I was in the rabbit hole… I was on my feet, clutching a wooden, tobacco scented pillar, as they rolled through the chords of American Girl… G… A… D… B… G… A… D…. And then, during the final chorus, he looked right into my eyes:
“Oh, yeah, all right. Take it easy, Betty, make it last all night. She was, an American girl…”
And it was over. I rushed down the stairs, instinctively knowing he’d exit that back door (deeper down the rabbit hole) and I’d never see him again (of course I would…) I flung around the corner of the VIP suite, and the back-stage door was open. My two realities still bifurcated, I was disoriented and completely lucid at the same time.
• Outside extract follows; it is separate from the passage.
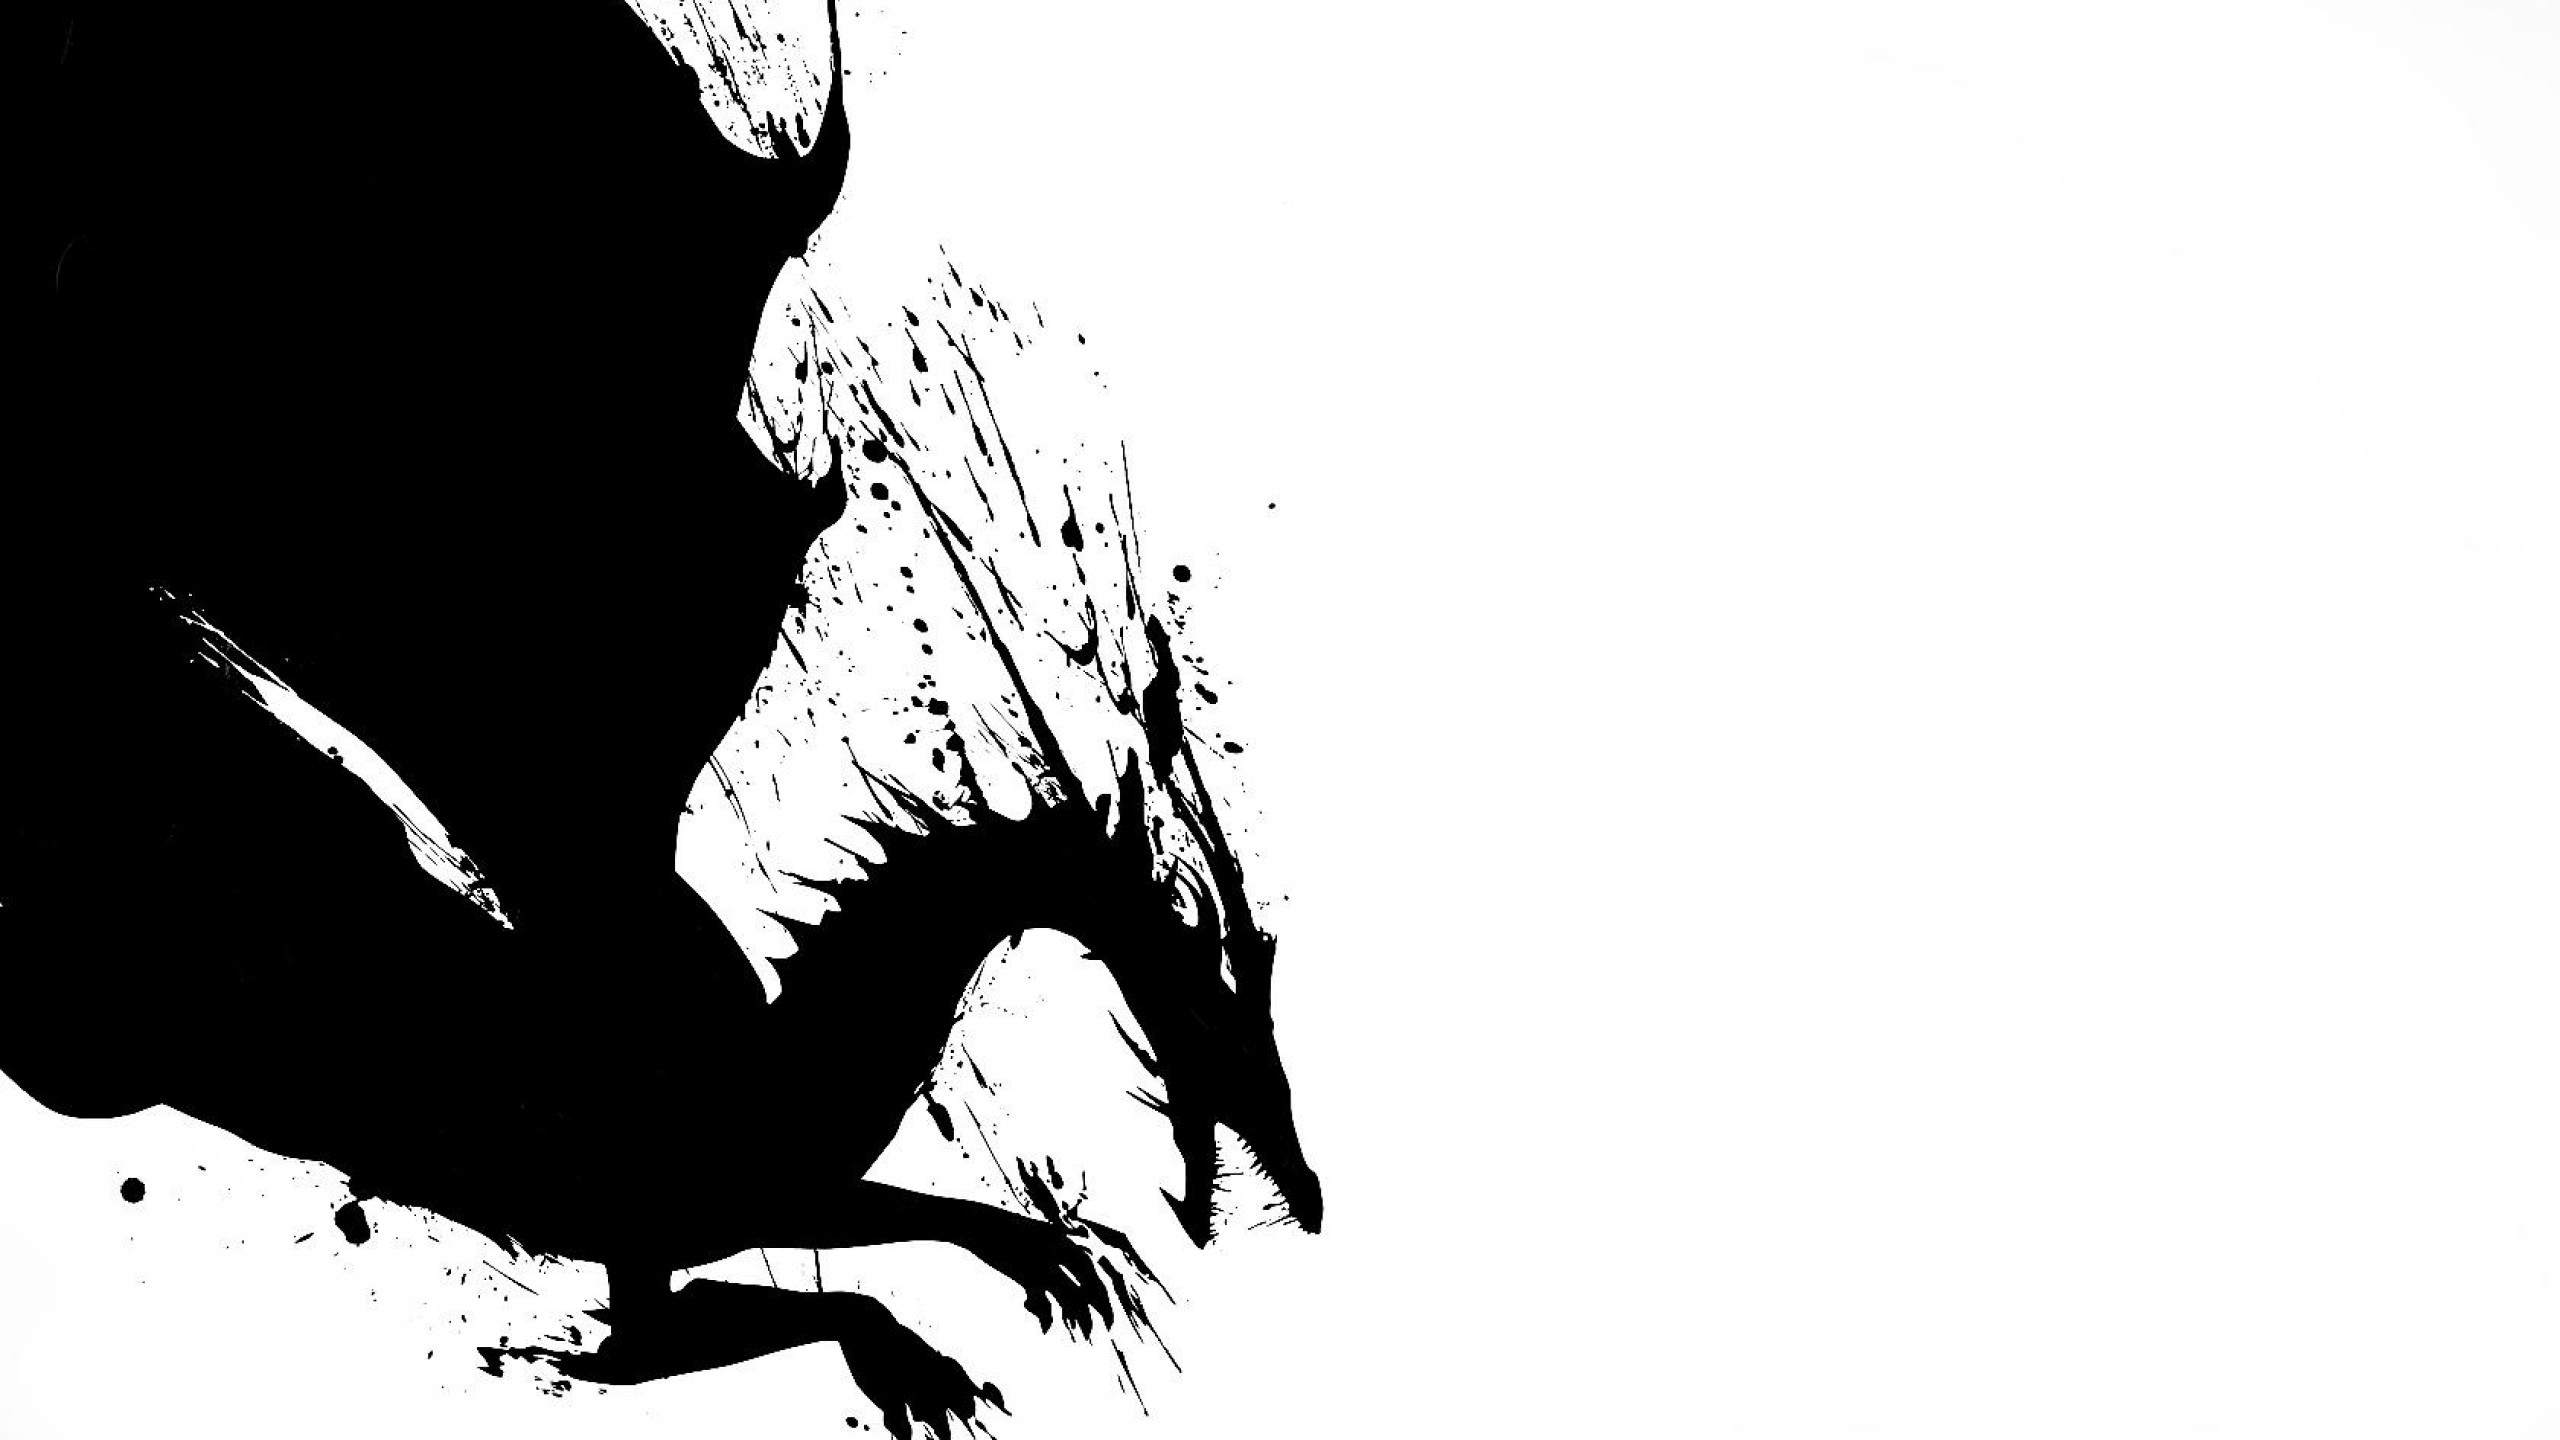 White And Black Dragons Wallpaper 2d Dragon Black White Black

He didn’t see me; he had already said his goodbye. But there, oh good lord, there, by the van, waiting, were Johnny, and, Gram, and John and George, and Townes, and Elvis and Roy… those just the ones I could identify from my distant view, each in their prime and smiling, arms open with a ready embrace. He crawled through that rabbit hole door, and I wondered if I was shrouded in a room of billowing smoke. He was smiling at them, ready. As the door closed, they all faded, melting into the night with the smoke, leaving whispering ashes blowing on the wind.
When I awoke the next morning, I realized Tom never brought me back out of the rabbit hole, and my soul was free, flying, in the great wide open.